Ich stimme den Kernaussagen ausdrücklich zu, möchte aber noch einen weiteren Aspekt unterstreichen: Hinter den beschriebenen Reifungsprozessen und einer Asynchronizität ihrer Verteilung über den Kortex stehen parallel auch neuromolekulare Analogien, welchen wiederum auf der phänomenologischen Ebene zwei Pole oder „Grundbedürfnisse“ (das heißt Funktionen der Reifung) entsprechen – biologisch könnte man hier von „Sicherheit und Verbundenheit“ einerseits und „Autonomie und Freiheit“ andererseits sprechen (2). Während die unteren limbischen Ebenen früher ausreifen, werden die oberen beziehungsweise paralimbischen Areale erst später „reif“ und verlieren an Plastizität, was neurobiologisch wohl auch an der Wirkung dopaminerger Neuronengruppen im mesokortikalen Netzwerk liegt (2, 3).

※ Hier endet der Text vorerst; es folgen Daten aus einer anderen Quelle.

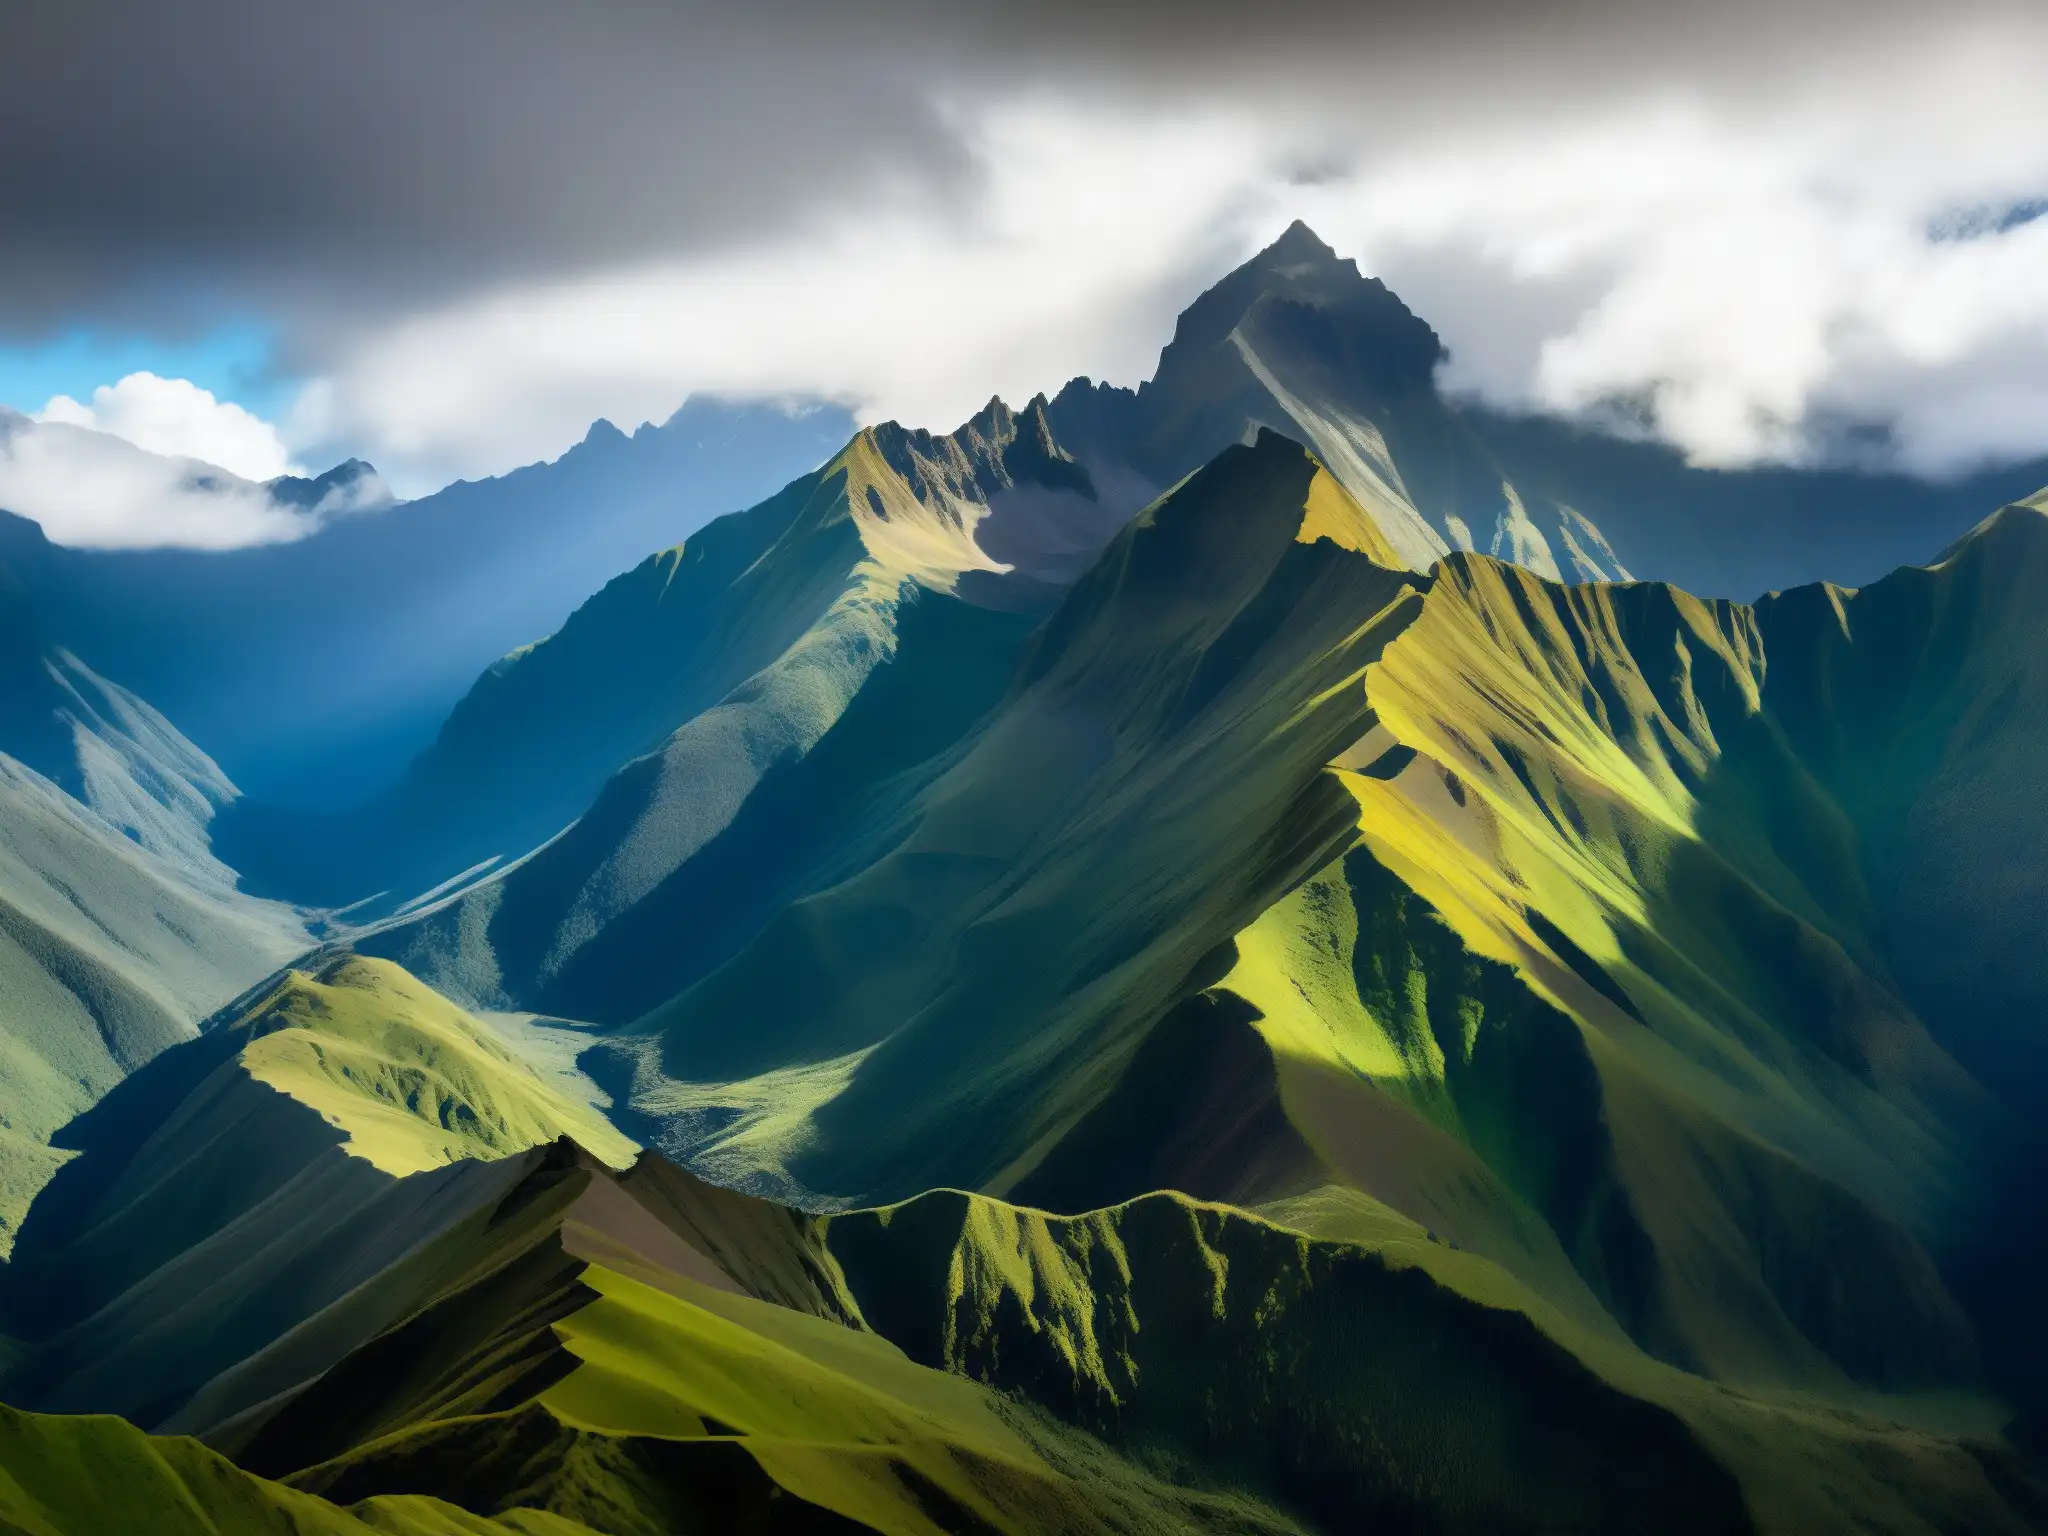 El Monstruo del Páramo Cordillera Andina emerge entre la neblina, con picos imponentes y el vibrante verdor del páramo en primer plano

Die endogenen Belohnungssysteme steuern nicht nur die affektiv-emotionale Konditionierung sowie die „Einprägung“ der entsprechenden Kontexte, sondern offenbar auch, wenngleich zeitlich versetzt, die soziale Integration und Kontrolle. Prinzipiell scheint jene Fähigkeit über die Adoleszenz hinaus erhalten zu bleiben, was für die Medizin hochrelevant ist, weil von jenen Belohnungsmechanismen sowie einer erst langsam ausreifenden Integrations- und Kontrollfähigkeit Entscheidungen zu Lebensstil und Gesundheitsverhalten über die gesamte Lebensspanne abhängen. Auch subjektive Lebensqualität und Lebenszufriedenheit scheinen hiervon beeinflusst (4). Interventionen zur Gesund­heits­förder­ung, nicht nur in der Jugendmedizin, sollten von jenem Wissen vermehrt Gebrauch machen (2, 4).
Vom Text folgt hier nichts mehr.